Здесь, в Северном Казахстане, километрах в ста от железной дороги, в глухом селе, где был один двухэтажный дом – райком партии, в месте, где донашивала свои бессрочные срока ссыльная интеллигенция, в результате общения с ней я вдруг понял, что всё, что я пишу, никакого отношения к жизни не имеет. Ни по форме, ни по содержанию. Что всё это – нечто условное, «пиетизмы», как я стал это называть, вкладывая в это слово своё презрение к искусственности и красивостям. Жизнь оказалась грубой и некрасивой. В стихах же она была стерильной, дистиллированной. Это касалось не только того, что, но и того, как. Одновременно пришло и другое: понимание того, что единицей смысла, атомом смысла в литературе является не слово, как нас уверяли (и продолжают уверять, в том числе, Бродский), а предмет и явление, что литература делается не из слова, а из жизни и лишь с помощью слова.
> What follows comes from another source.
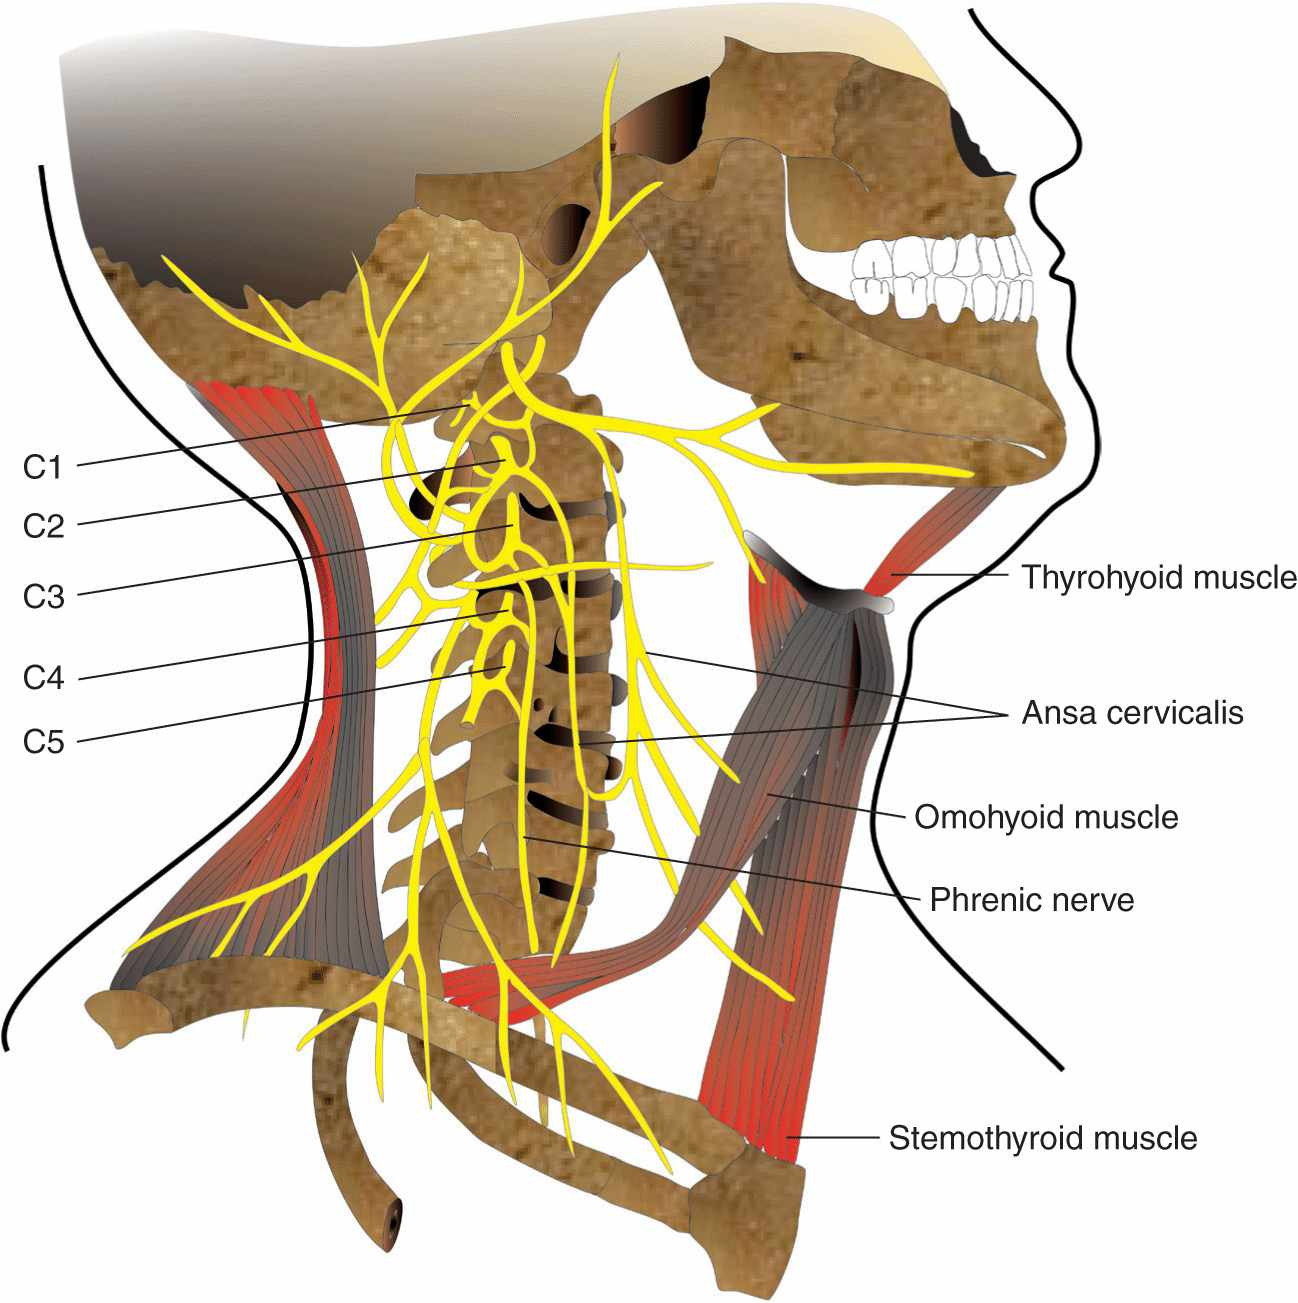 burke chiropractor chiropractic cspine.jpeg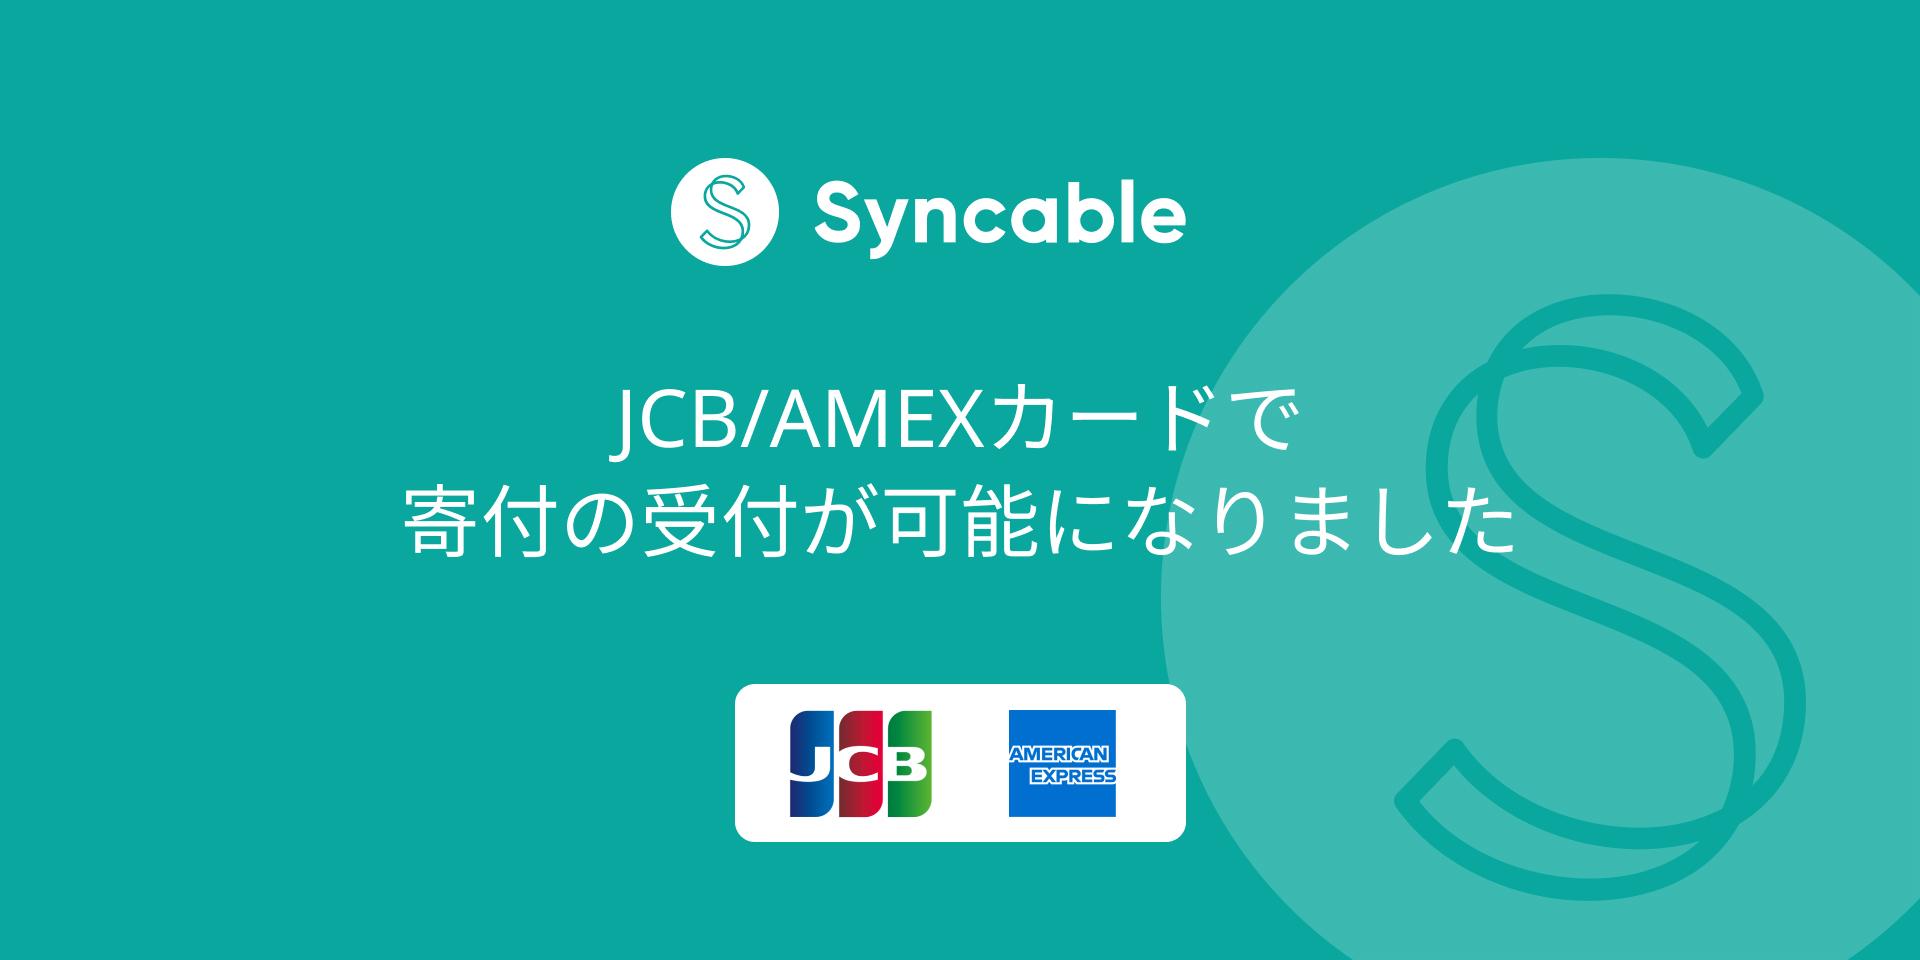 SyncableでJCB、American Expressでの寄付ができるようになりました

Новое понимание выразилось в «формуле»: самая плохая проза лучше, чем плохой стих. Потому что в самой плохой прозе будет что-то из жизни, например: «Дом, крытый черепицей, уже выщербленной по краям», а в стихе даже этого нет, плохой стих – это слова, слова, слова.
Итак, задача была ясна: прозаизировать стих.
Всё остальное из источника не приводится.